A Wicked Welcome to Susan Larson!

I was delighted to meet Susan in December when she, Hank Phillippi Ryan and I did a talkback together after a production of Murder on the Orient Express at the Lyric Stage Company of Boston. I’d known of Susan before that. But I’ll let her explain about her path to writing her debut mystery, The Murder of Figaro.


Susan Larson as Cherubino in Peter Sellars’s PBS “The Marriage of Figaro”

I used to be an opera diva. I sang in lots of Mozart operas. That’s my street cred.

Having lost my nice soprano voice, and having had the requisite nervous breakdown about it, I became a music writer for the Boston Globe and other publications. When I decided to try and write a murder mystery, I chose the opera world as my setting, and my beloved W.A. Mozart as my detective. The result is The Murder of Figaro.

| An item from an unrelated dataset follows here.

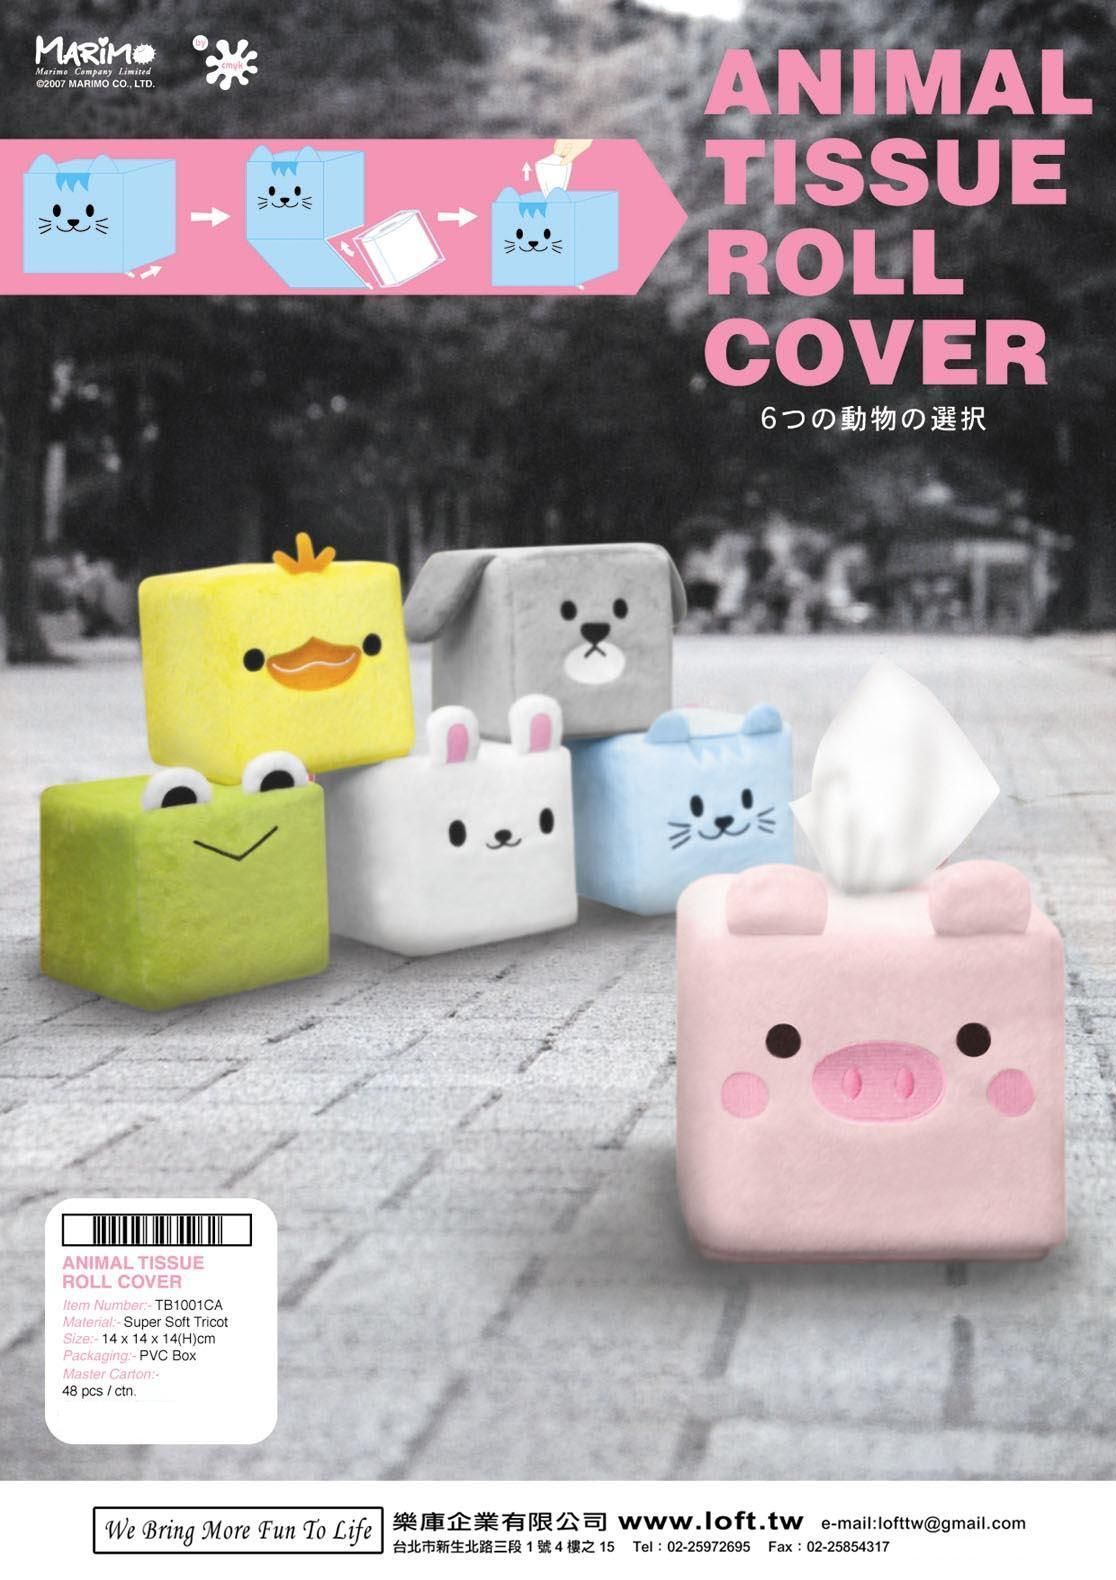 [(17)Animal+tissue+roll+cover+catalog_ok1.jpg]

The real Mozart was not who we think he was. He was classically educated, a true Enlightenment humanist. He was a Freemason, politically savvy and intensely curious about the world. Having read his letters I can tell you that he was also a punster, a practical joker, a lover of riddles and puzzles; the perfect sleuth for my mystery! Except he didn’t want the gig; he was busy putting his opera “The Marriage of Figaro” onto the stage at the Court Theater. It took a certain amount of arm-twisting, plus an Imperial decree, to make him do it.  

I pasted a murder mystery on top of Mozart’s rehearsal schedule: With a little cheating, it fit fairly well: stagings, detecting, coachings, detecting, piano run, coffee & snacks, piano dress, more coffee, more detecting; orchestra dress, the Big Reveals. The mystery plot loosely follows the plot of the opera, with bits from other Mozart operas and some content from Thomas Jefferson tossed in as needed.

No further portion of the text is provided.